In this case, do I remove all rows in map.data
where Paper_id
is 93, 95, 70, 88, 84, or 88?
Additionally, summary_all
has many duplicates in the paper_id_list#
columns. It looks like it would be possible for our filters to filter out one row with, for example, paper_id_list1
= 137, but still have other rows (not filtered out) that also have paper_id_list1
= 137.
In this case, do we still want our map to filter all observations with Paper_id
= 137?
@swood-ecology, That makes sense, but the code we currently rely on for the summary table is not really setup to recompute filtered data on the fly. We'd have to reorganize and write a code that has the capacity to filter based on user input.
@nathanhwangbo the three paper_id_lists
are nested within one another with the columns ending in '1' being the coarsest level, '2' the middle, and '3' the most specific. That means there can be multiple '2's for every '1', and multiple '3's for every '2'. In essence, it's a 1 to many relationship.
Currently, the select input boxes in the app draw only from the columns ending in '1' [i.e. Legend_1
, mean_per_change1
, sem_per_change1
]. For now it makes sense to use the list of papers included in the paper_id_list1
column only.
For your second question, I don't think we're quite at the point to make that decision. I thought our first goal was to get the mapped points and the reference list to match the data displayed in the figure. In my mind all we need to do this is grab the list of papers included in paper_id_list1
and filter the mapped points and reference list based on the paper_id
included in the list. Am I missing something?

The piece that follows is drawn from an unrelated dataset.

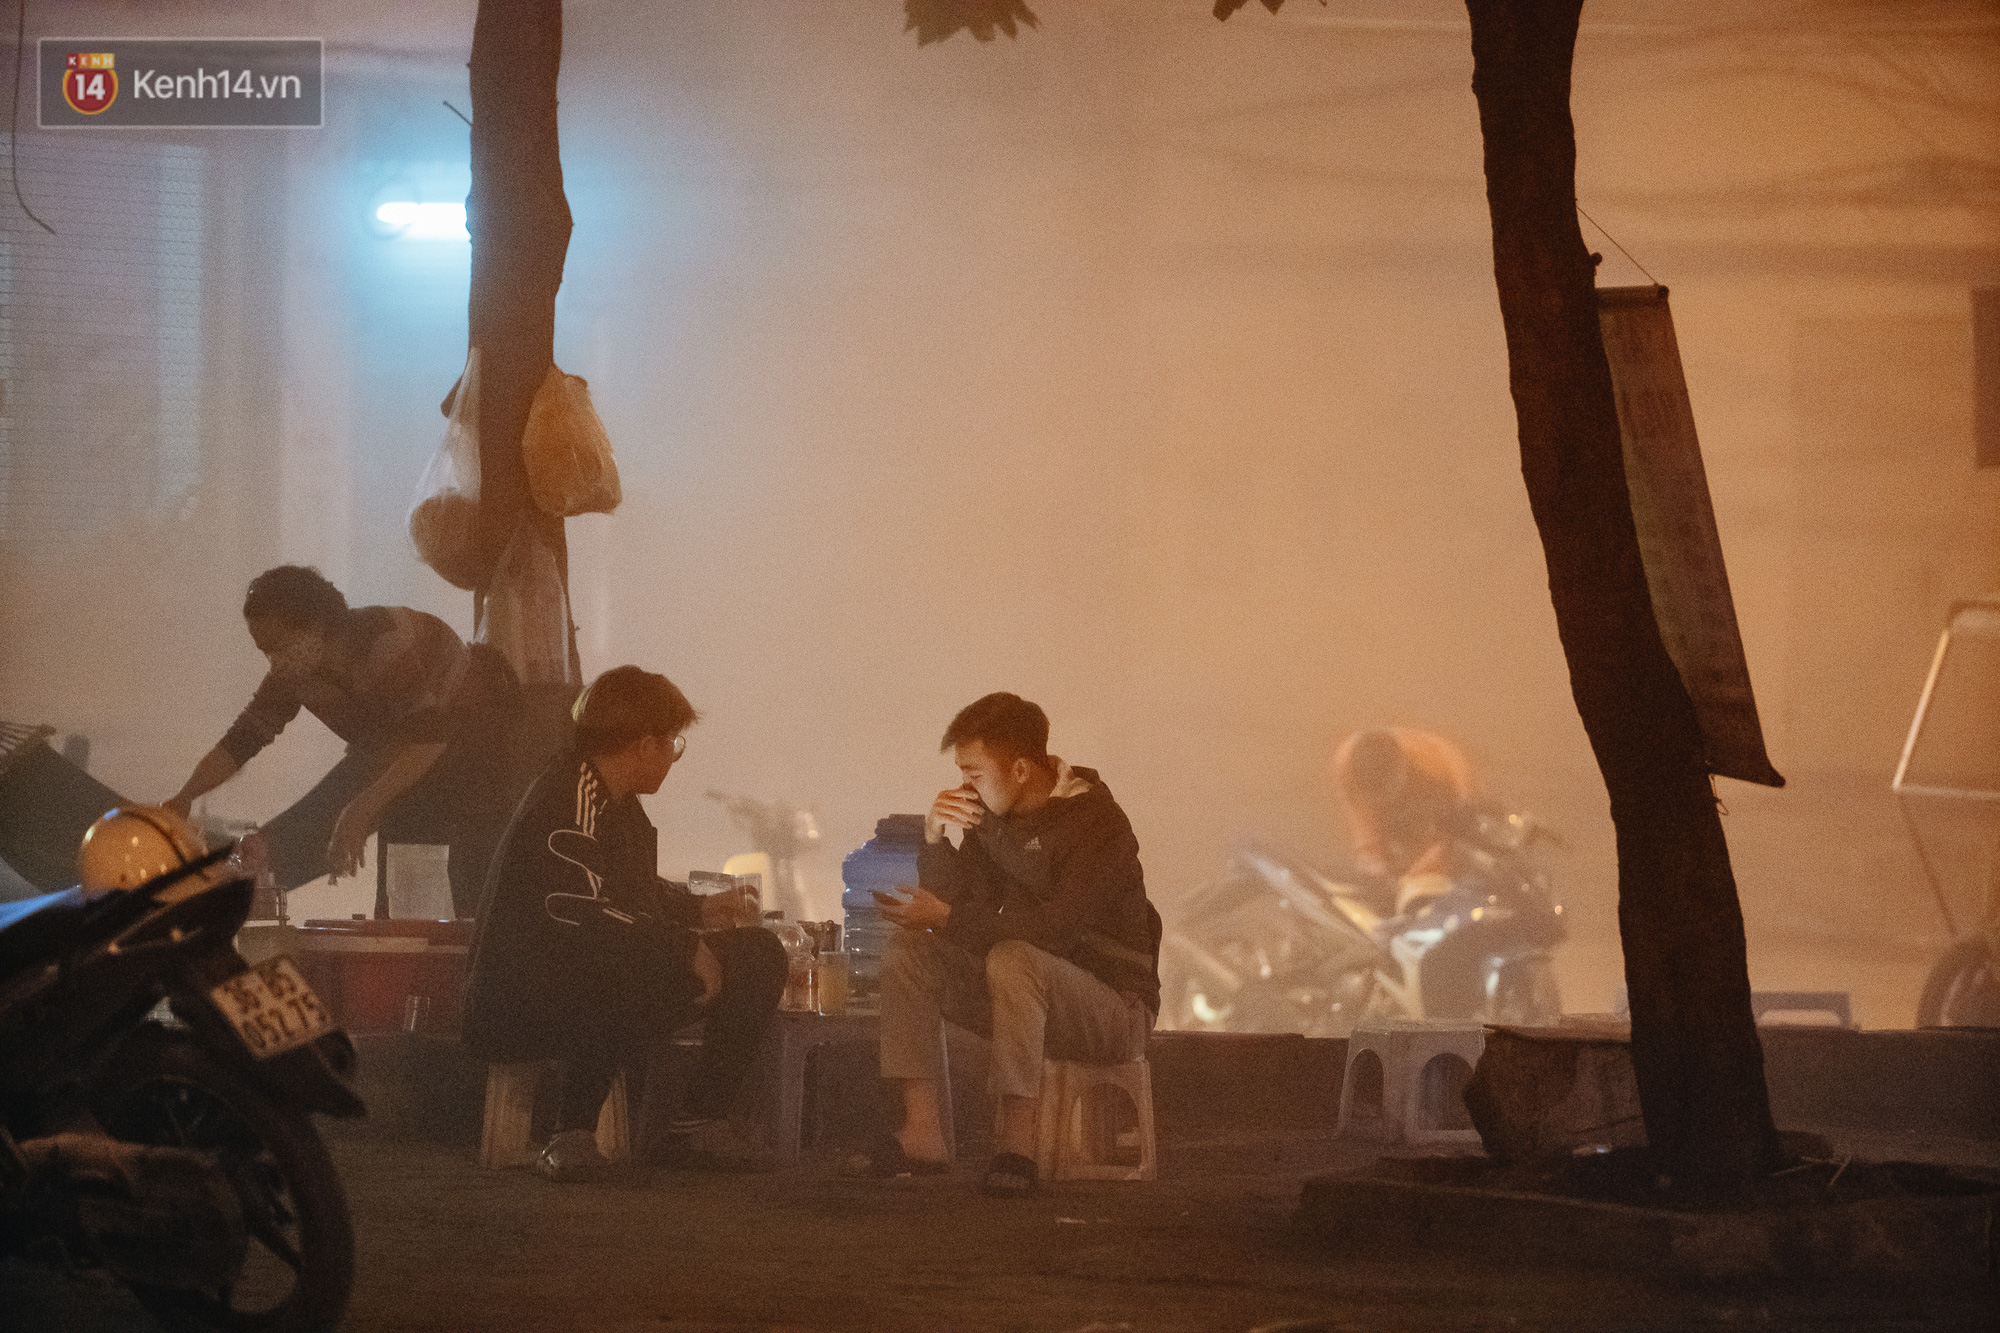 Hà Nội có lẽ bụi nhất về đêm: Nhóm công nhân sửa đường thổi bụi thẳng vào mặt người dân - Ảnh 10.

Going in the direction (plot filter -> map filter) is definitely doable using the method you describe, but the only way I see to go in both directions (map filter -> plot filter as well) is to use the crosstalk
package I mentioned earlier, which requires us to actually merge the map.data
and summary_all
datasets into a single dataset. That's where things get a little messy, since it's hard to match the rows in one column with the rows in another when we don't have a column that's the same between them.
I see. We will have to figure out another format for the data set the app relies on. It's starting to look like the raw data, opposed to a summary, is what we'll need.

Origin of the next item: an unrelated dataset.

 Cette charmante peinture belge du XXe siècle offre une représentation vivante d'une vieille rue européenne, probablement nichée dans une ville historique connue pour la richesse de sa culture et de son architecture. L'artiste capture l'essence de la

@LesleyAtwood do you want to make that decision now and figure it out, or hold off?
I would like to add the (plot filter -> map) capability right now and hold off on the (map -> plot filter).
We need to think through how best to format the data not only for the (map -> plot filter) but also other future filtering functions so that we don't run into this issue again and again.
ok. @nathanhwangbo do you want to work on filtering the map based on figure data? and I can remove the filtering capability on the map to not give the impression that a user should be able to filter by geography.
I just pushed changes to the app which should filter the map based on the plot filters.
I noticed that 7 rows in map.data
will never be plotted, since their Paper_id
does not match any in summary_all
. (These rows have Paper_id
= 122, 123, or 72).
@LesleyAtwood do you know what's up with these 7 rows?
This is correct. The comparisons made in those papers (and subsequently the data we extracted from those papers) do not conform to the comparisons we display in the figures.
@nathanhwangbo Thanks for adding the filtering. I'm loving it!
Use paper_list column in data set to filter mapped points.